- The data:
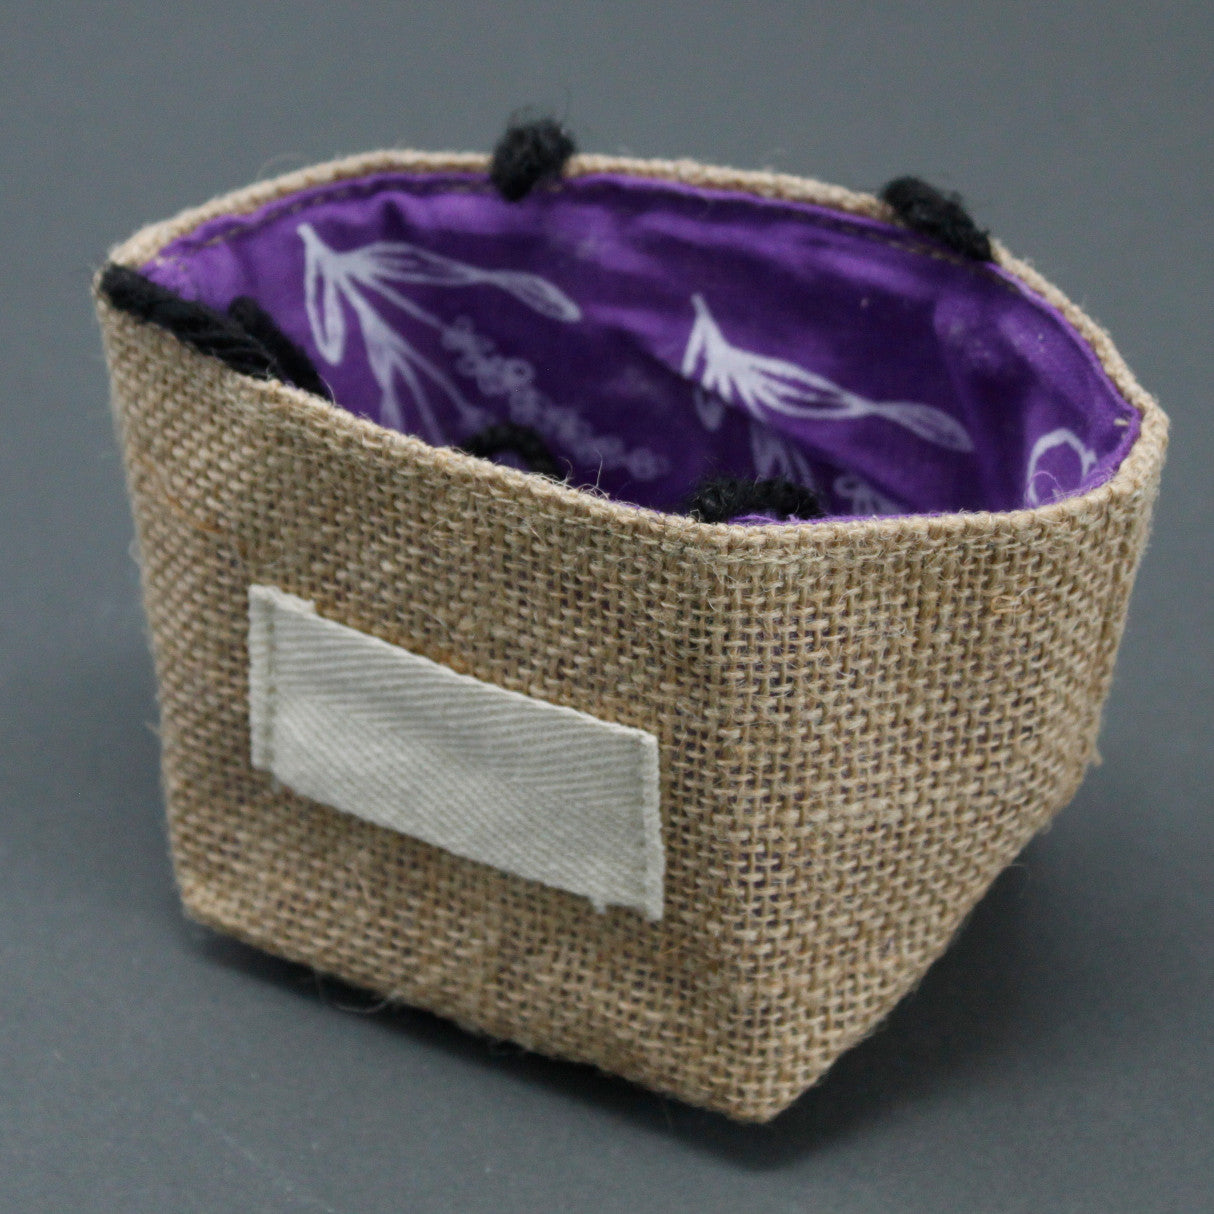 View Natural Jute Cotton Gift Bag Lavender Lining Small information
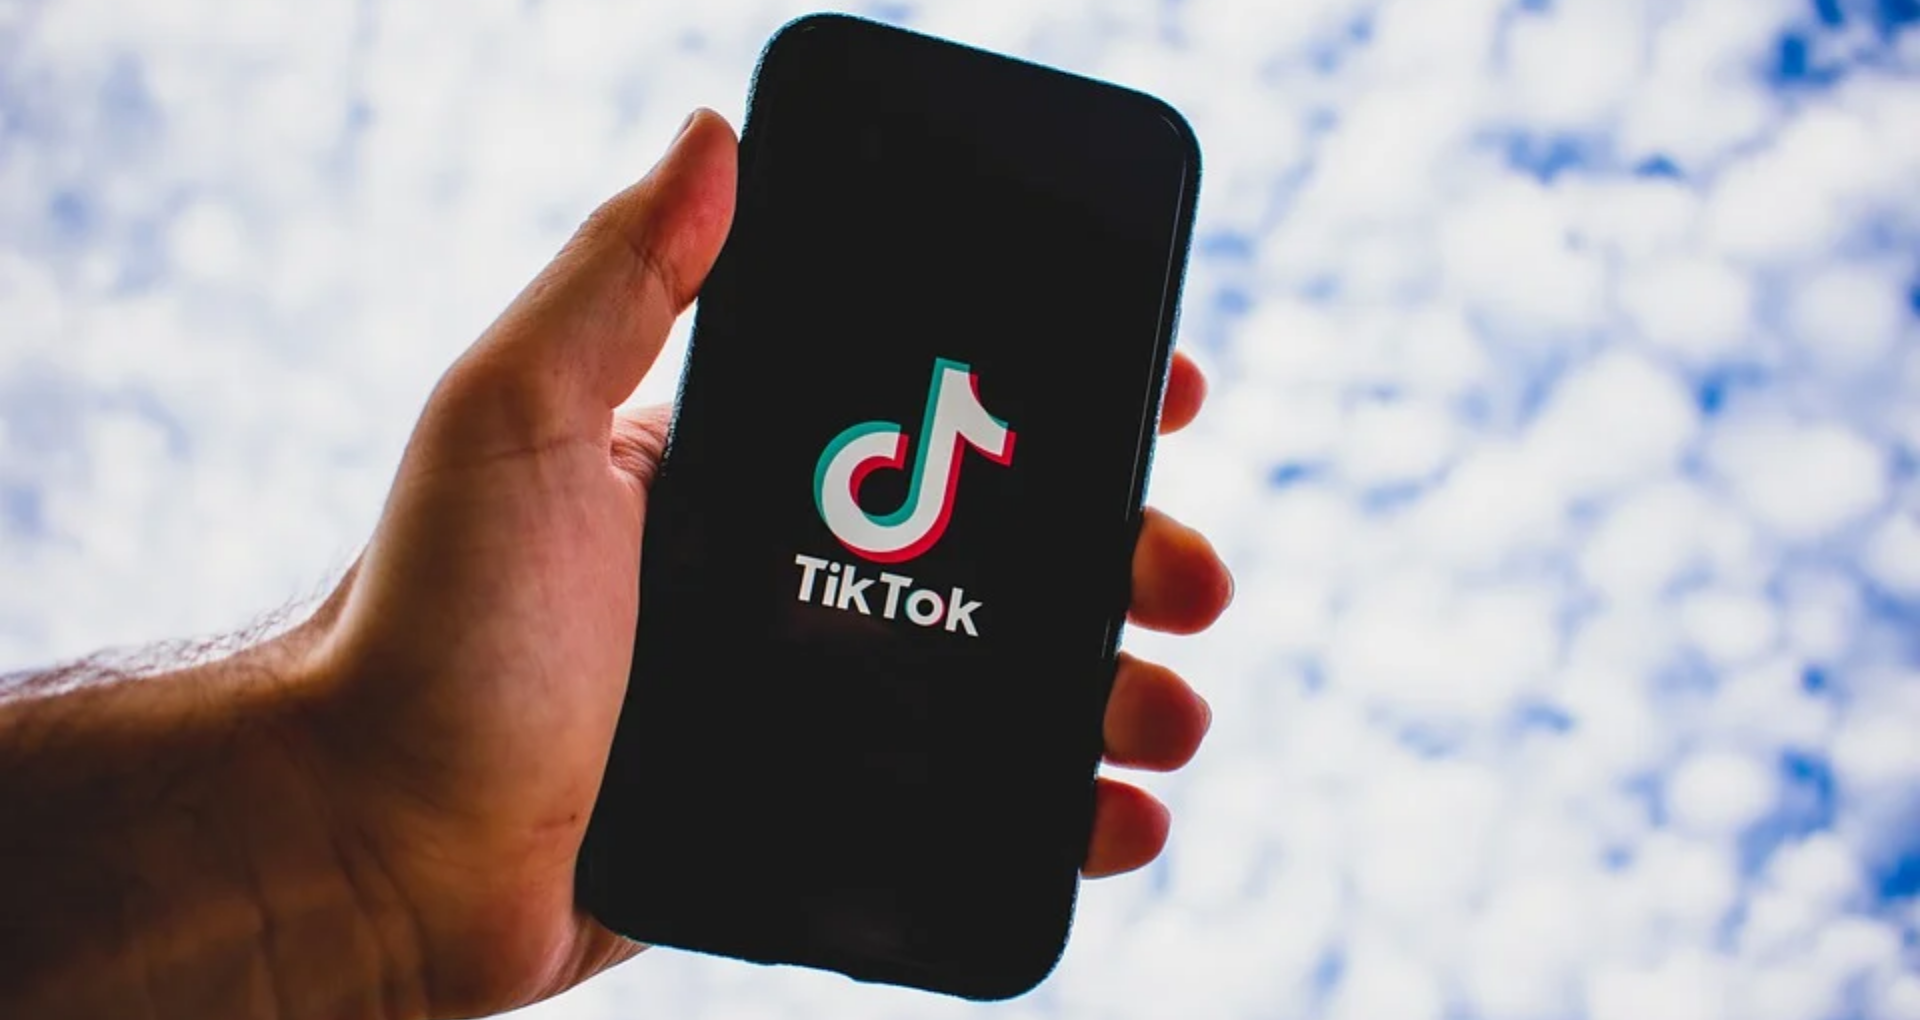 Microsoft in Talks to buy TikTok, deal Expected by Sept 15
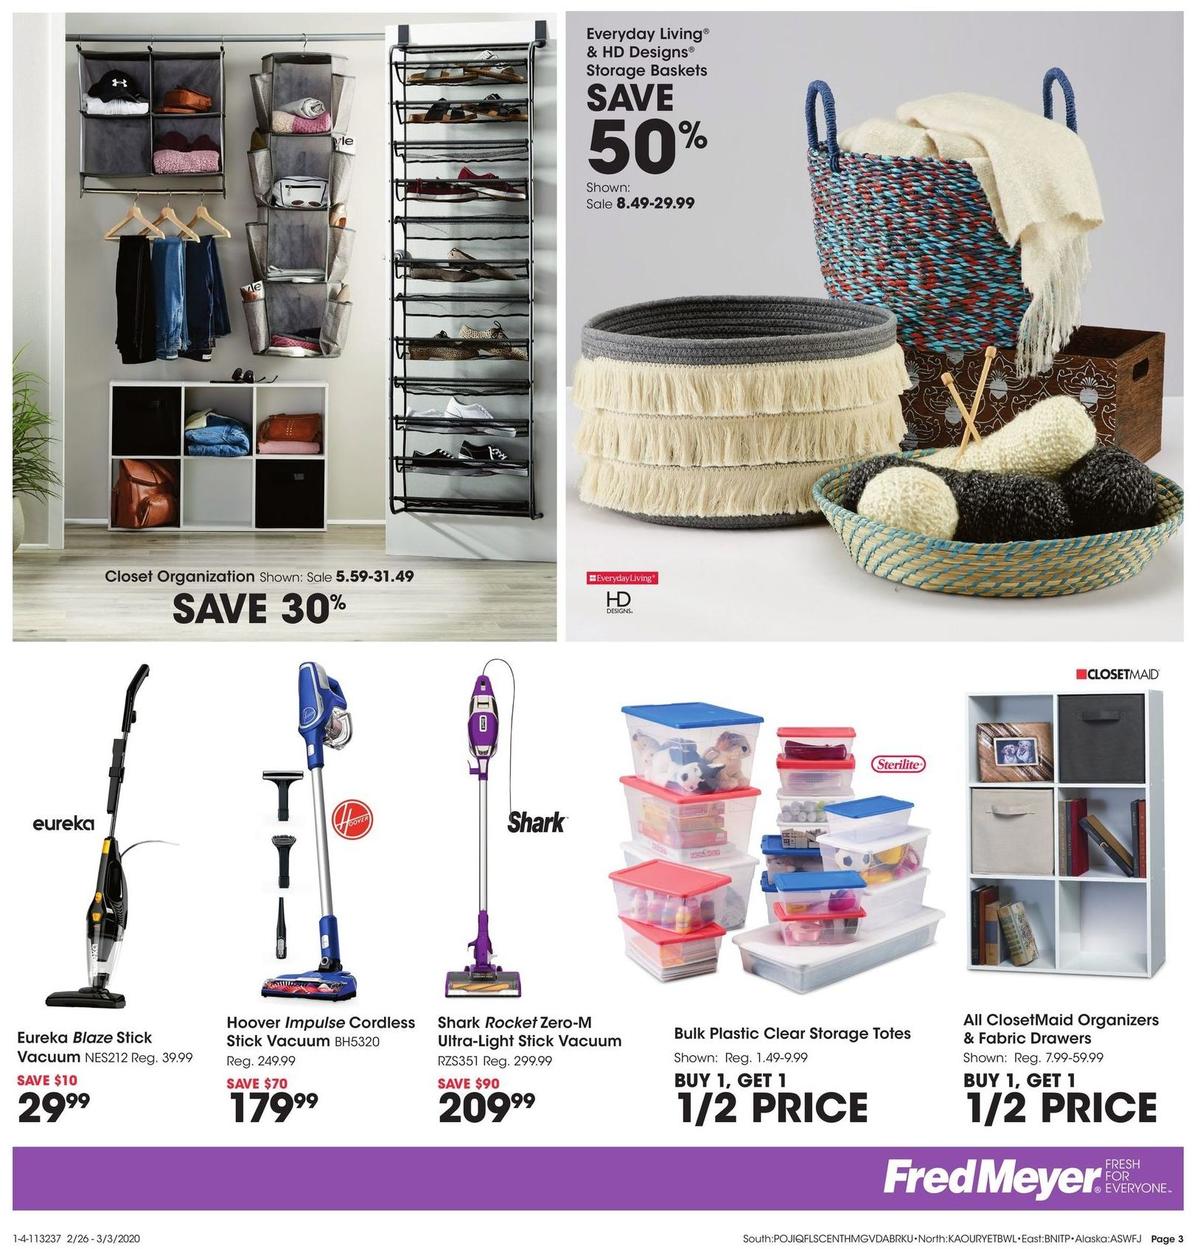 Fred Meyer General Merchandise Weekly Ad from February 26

- Exercise description: Each line above should be written out again exactly, without any image.

- Answer to the problem:
 View Natural Jute Cotton Gift Bag Lavender Lining Small information
 Microsoft in Talks to buy TikTok, deal Expected by Sept 15
 Fred Meyer General Merchandise Weekly Ad from February 26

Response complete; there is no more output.